La Fiorentina di Morfeo, Batistuta, Oliveira e Rui Costa. Quella che riuscì a schiacciare la Juventus per 3 a 0 sotto la Fiesole.
Il Parma seducente di Crespo, Chiesa e di Veron. Quel Parma pigliatutto: Coppa Italia, Supercoppa Italiana e Coppa Uefa (l’attuale Europa League, ndr).

I più giovani molto probabilmente non sapranno di chi stiamo parlando. I più grandi invece avranno già la lacrimuccia che scende, dolce e romantica, a tratti nostalgica come quel calcio che non c’è più. Un calcio fatto di bandiere e di poesia. Di uomini veri, a volte duri, a volte energici, ruspanti. Di uomini che nonostante tutto ci mettevano il cuore in quel calcio che era gioco, passione, fantasia, innovazione.

Uno di questi uomini era Alberto Malesani. L’allenatore che ha reso
il Parma Grande, la Fiorentina Spettacolare, il Chievo Meraviglia

Oggi Malesani lancia un’accusa pesantissima e lo fa dopo anni di assenza e di oblio.
Dopo anni di vuoto, nonostante avesse dato una fortissima presenza, avesse colmato di bellezza la Serie A. Nonostante avesse reso indimenticabili gli anni ’90.  

Alberto Malesani il grande assente. Il grande dimenticato. Dagli addetti ai lavori. Dai colleghi. Dai tifosi.

Perché?

Il mister ha pagato il suo voler essere se stesso, senza filtri né maschere.

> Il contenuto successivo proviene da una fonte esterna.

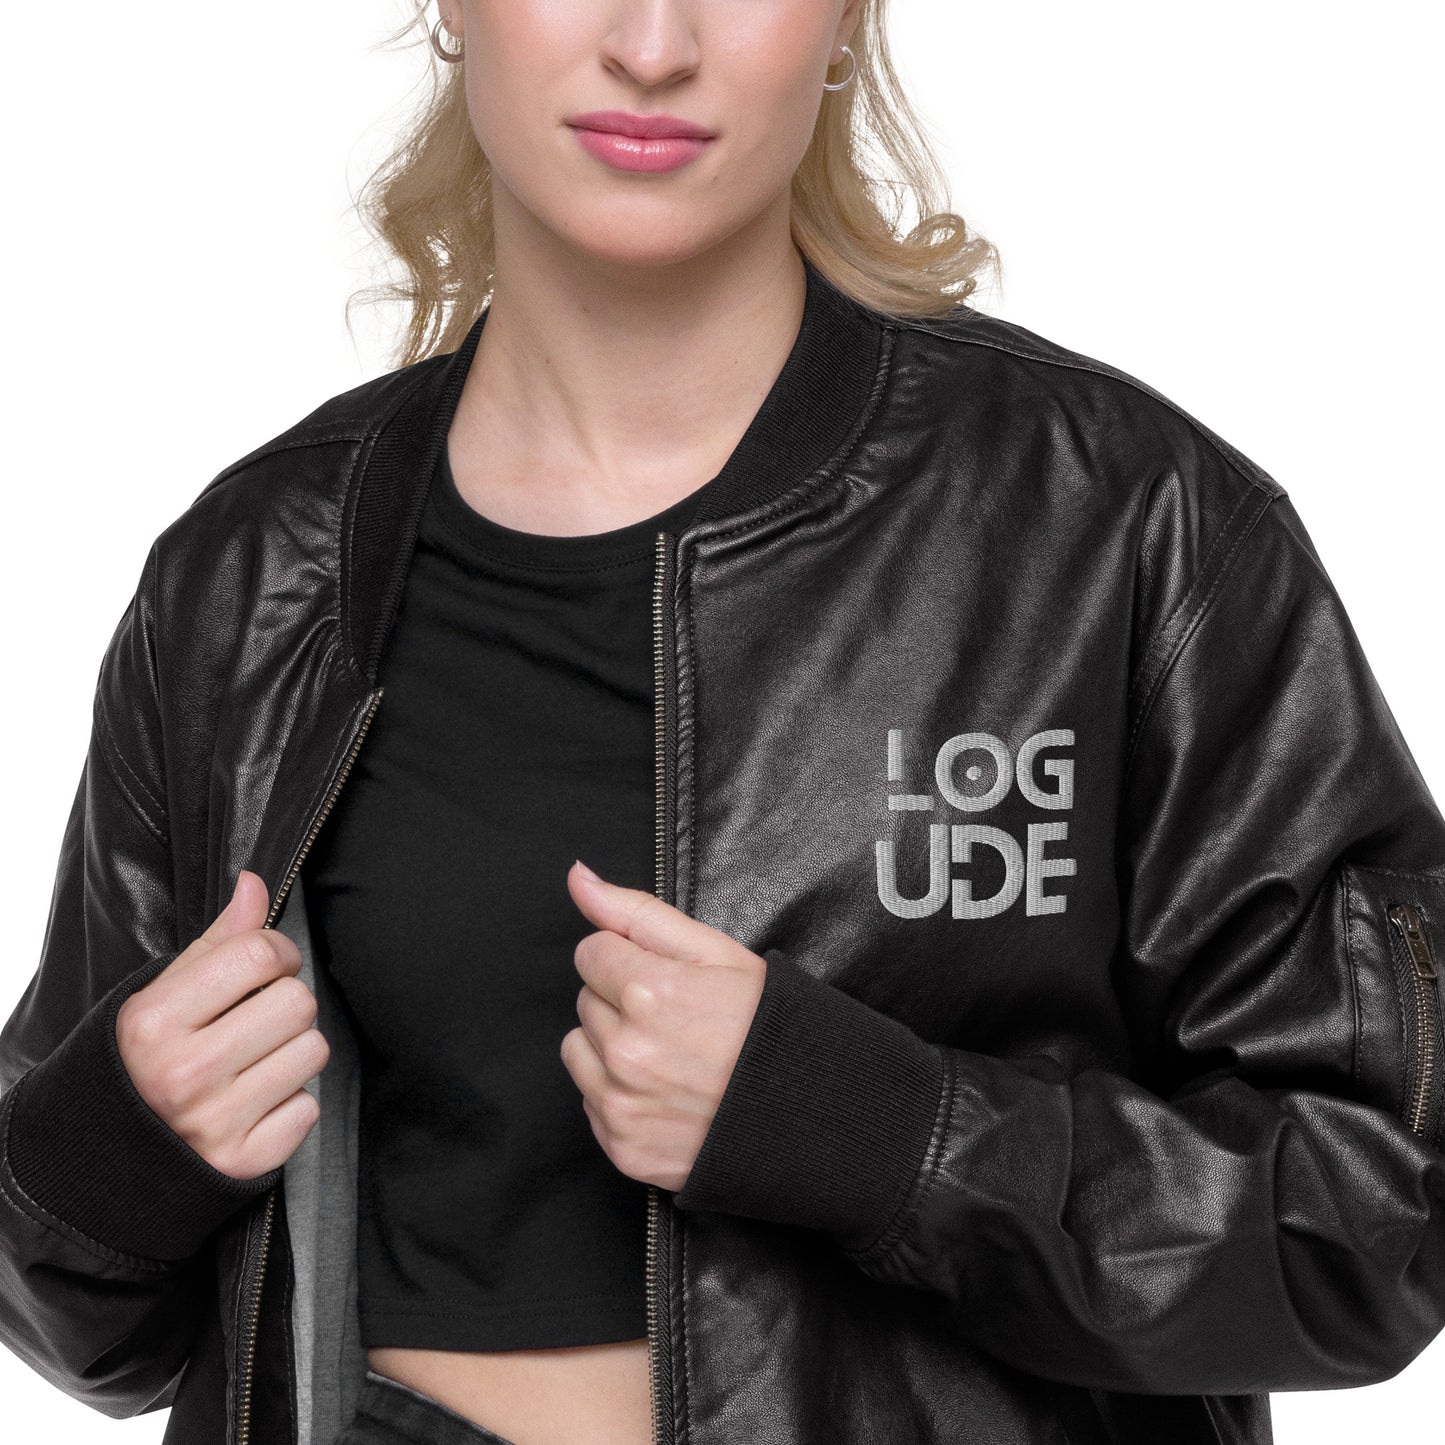 Logude Leather Bomber Jacket
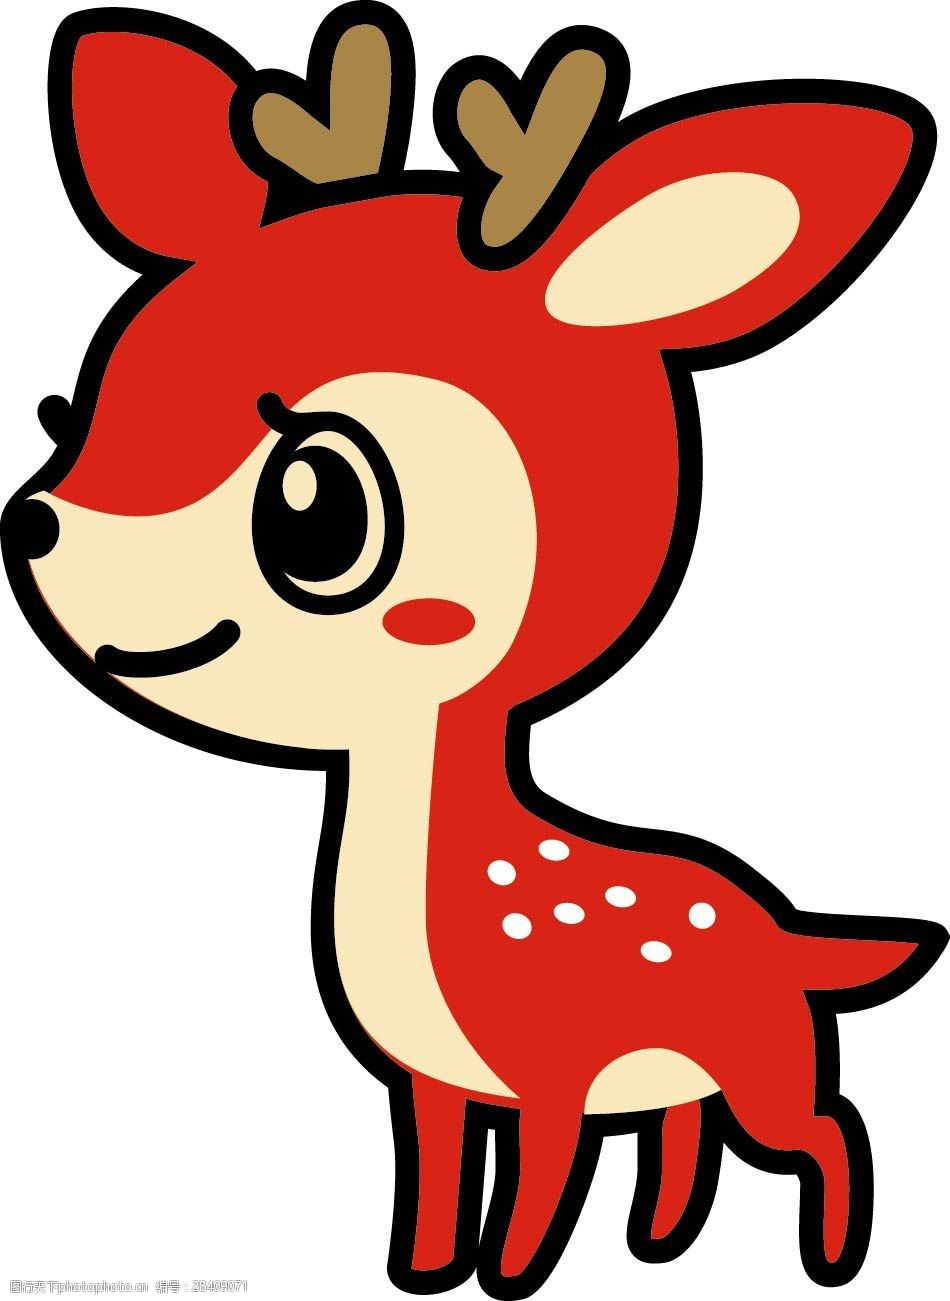 关键词:小鹿插画设计 卡通小鹿 动漫玩偶 卡通动物 可爱小鹿 插画

Ha pagato quel carattere rimasto genuino, da qualcuno giudicato in antitesi con quel calcio che stava svelandosi di fronte a noi.

Il calcio dei social, il calcio che invece di fare spettacolo dentro ha preferito iniziare a farlo fuori dal campo. Dove i calciatori ora sono influencer e modelli e non riempiono solo i quotidiani sportivi ma i rotocalchi. Dove gli allenatori non sono altro che un ingranaggio di un’industria che deve diventare sempre più potente. Dove non conta come alleni e come schieri una squadra in campo, ma quanto e come “si è comunicatori”.

Dove le telecamere non inquadrano solo il triangolo verde del campo da calcio, ma vogliono scrutare la vita privata, cosa fai dentro casa tua quando togli la tuta e gli scarpini. Perché a contare oggi sono i media e tutto ciò che ne consegue.
Giudizi avventati, totale mancanza di privacy, superficialità, calunnie.

Oggi il calcio è a portata di click, e siamo pronti a giudicare da un post e da una foto. A mettere al patibolo un allenatore per una frase sbagliata, per un modo di vivere diverso. Per una personalità controcorrente.

Alberto Malesani è stato l’emblema di un calcio essenziale e schivo, arrembante e donchisciottiano. Un calcio andato perduto verso il sentiero della vanità.